“Free” trade, to the heavy hitters of the WTO, World Bank, and IMF, means they get increased access to the markets of poor countries while the poor countries lose access to their own. Poor countries are required to reduce their own government’s interference (subsidies) in their free market, while the rich countries are allowed to continue subsidizing their own.

In exchange for receiving loans to stimulate their economy, poor countries are required to lower their import tariffs which encourages “dumping” of subsidized commodities from rich countries into their markets, artificially lowering the price and driving local farmers and producers out of business. Haiti used to produce 80% of its own rice; it now imports around 80%.

Oxfam’s Make Trade Fair campaign explains what happens when rules rigged for the benefit of rich countries like the U.S. allow dumping to occur.

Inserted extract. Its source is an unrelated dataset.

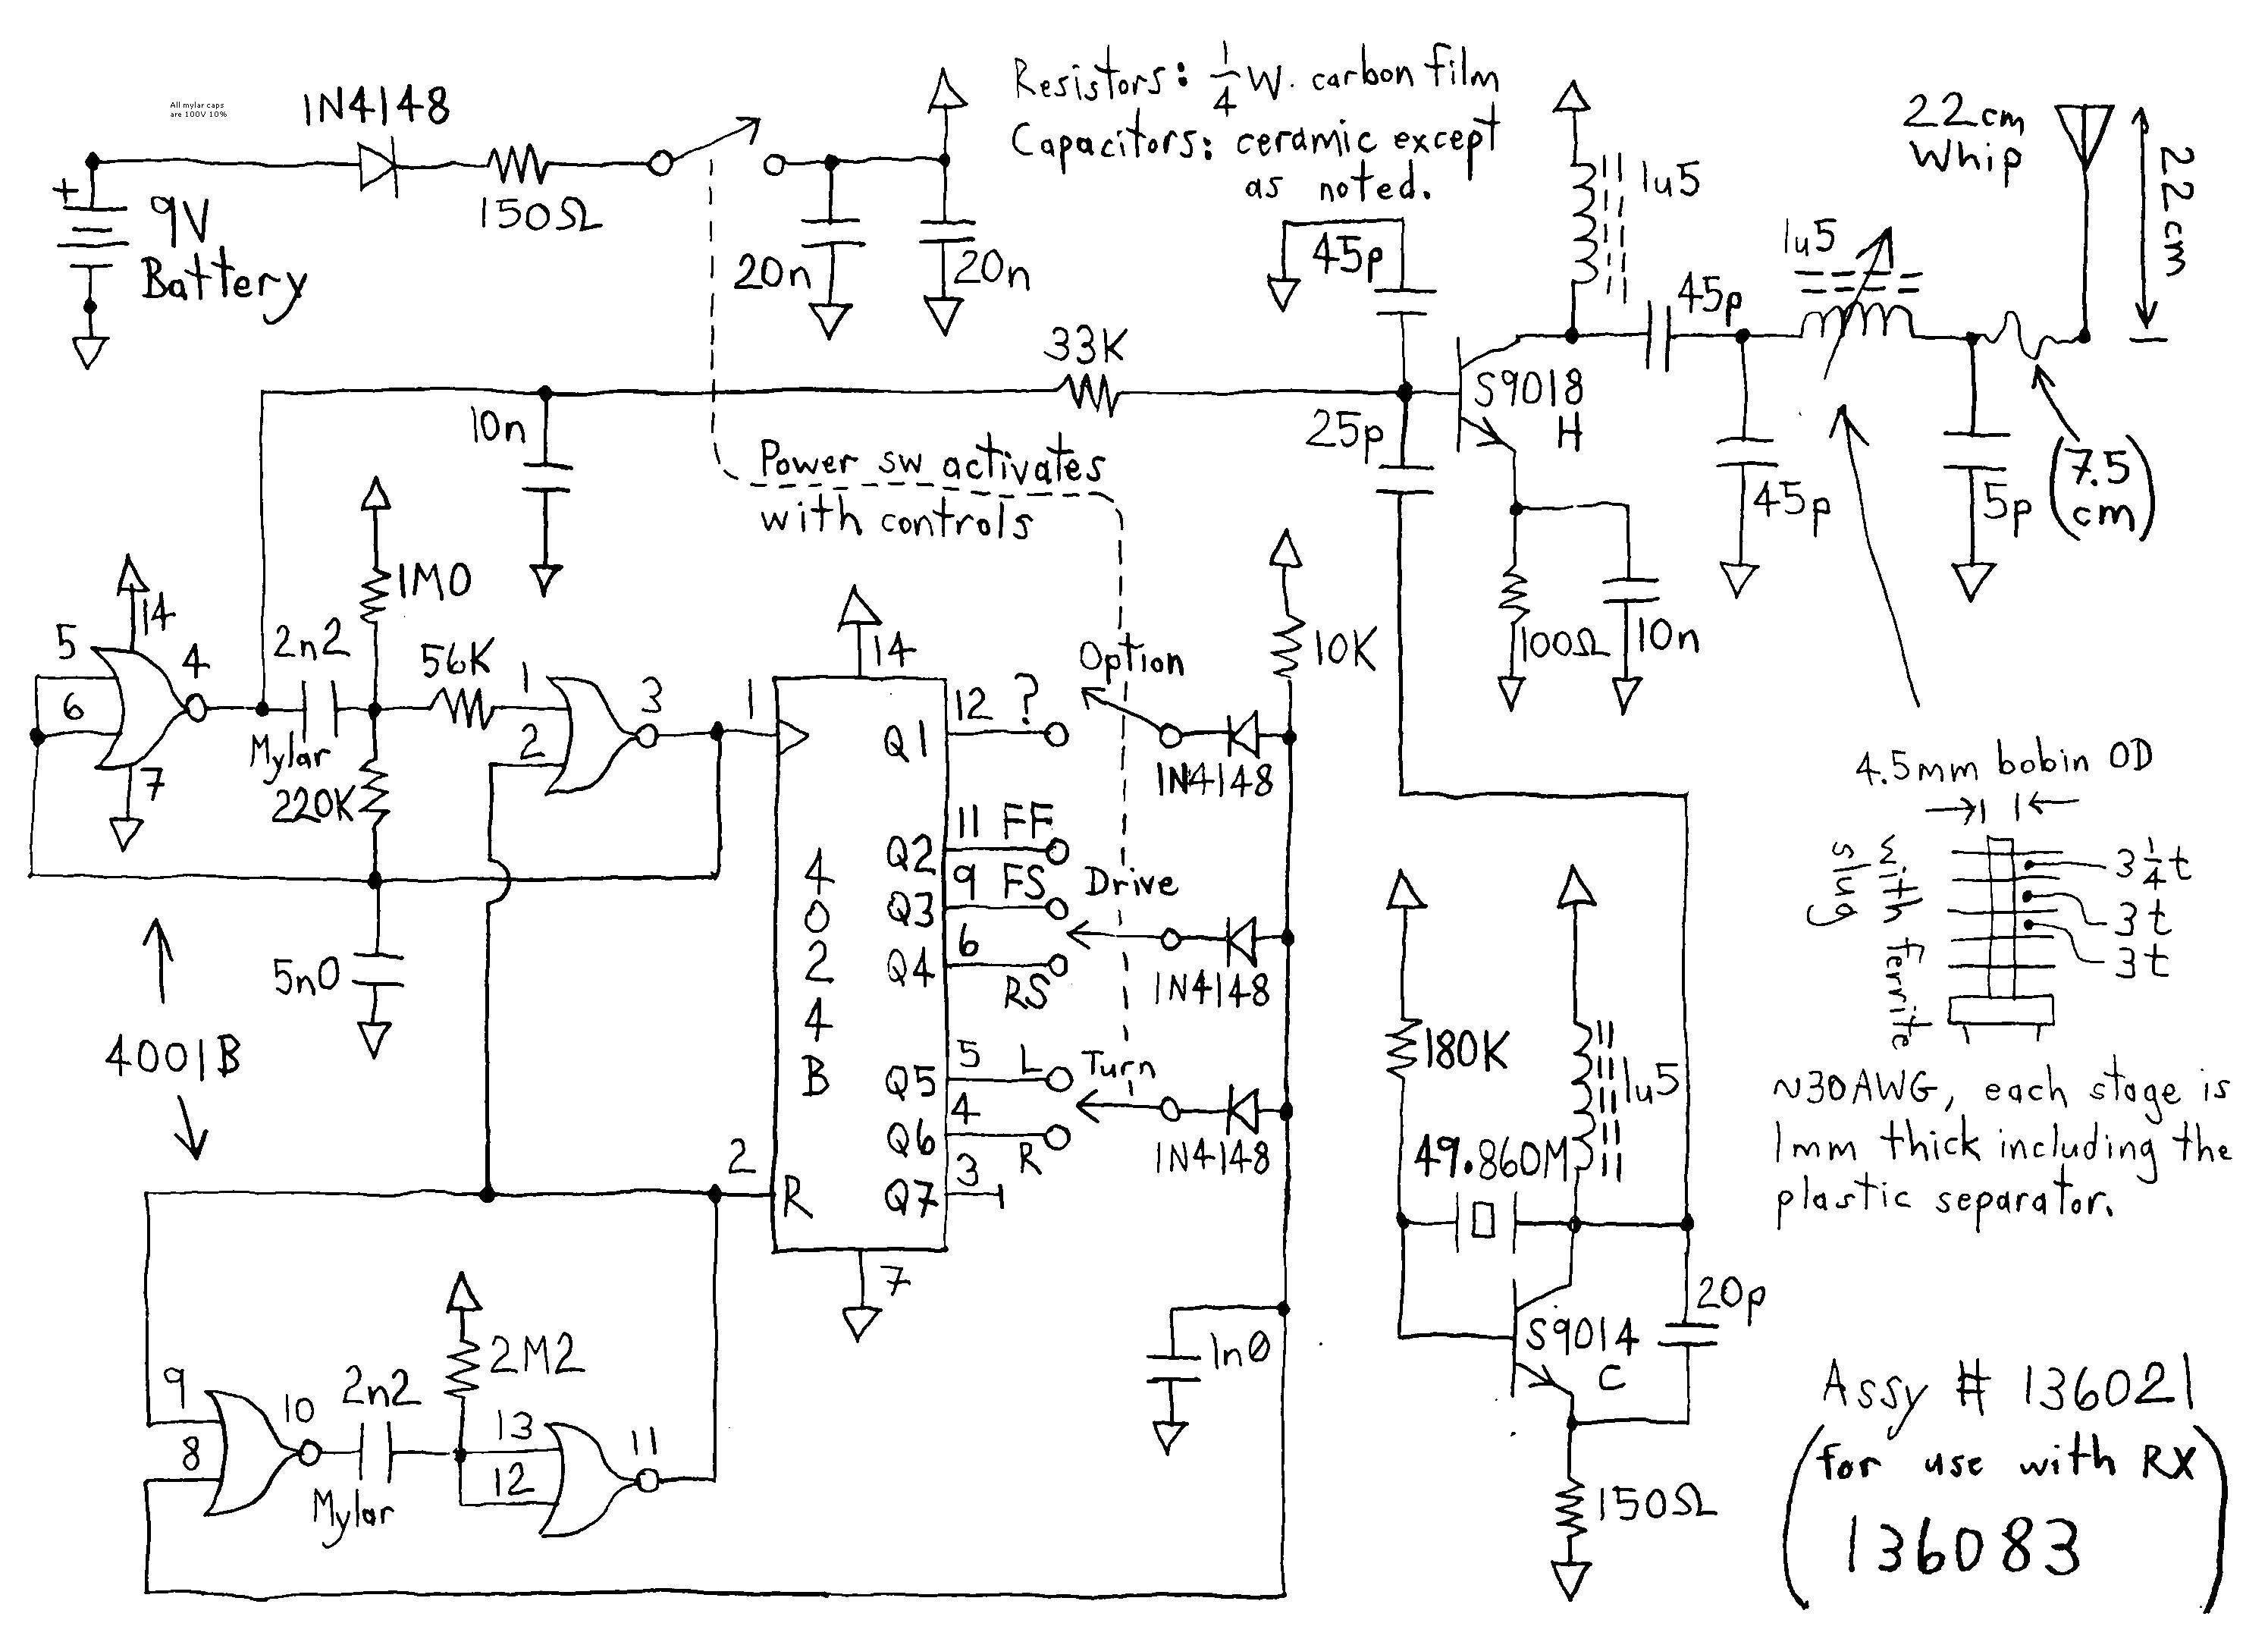 cm hoist wiring diagram free wiring diagramcm hoist wiring diagram wiring diagram for car hoist inspirationa

from an Oxfam press release from 2005:

Each year the US spends $1.3bn in subsidies to support a rice crop that costs $1.8bn to grow. These subsidies make possible the dumping of 4.7m tonnes of rice on world markets at 34% below the cost of production, hurting poor countries like Haiti, Ghana and Honduras. Developing countries should be allowed to use policies that allow them to develop fragile farming sectors, says the report.

Profits for Riceland Foods of Arkansas, USA – the world’s biggest rice mill – rose by $123m from 2002 to 2003 thanks largely to a 50% increase in exports, much of them to Haiti, which was forced in 1995 to cut its rice tariff from 35% to just 3% under pressure from the IMF.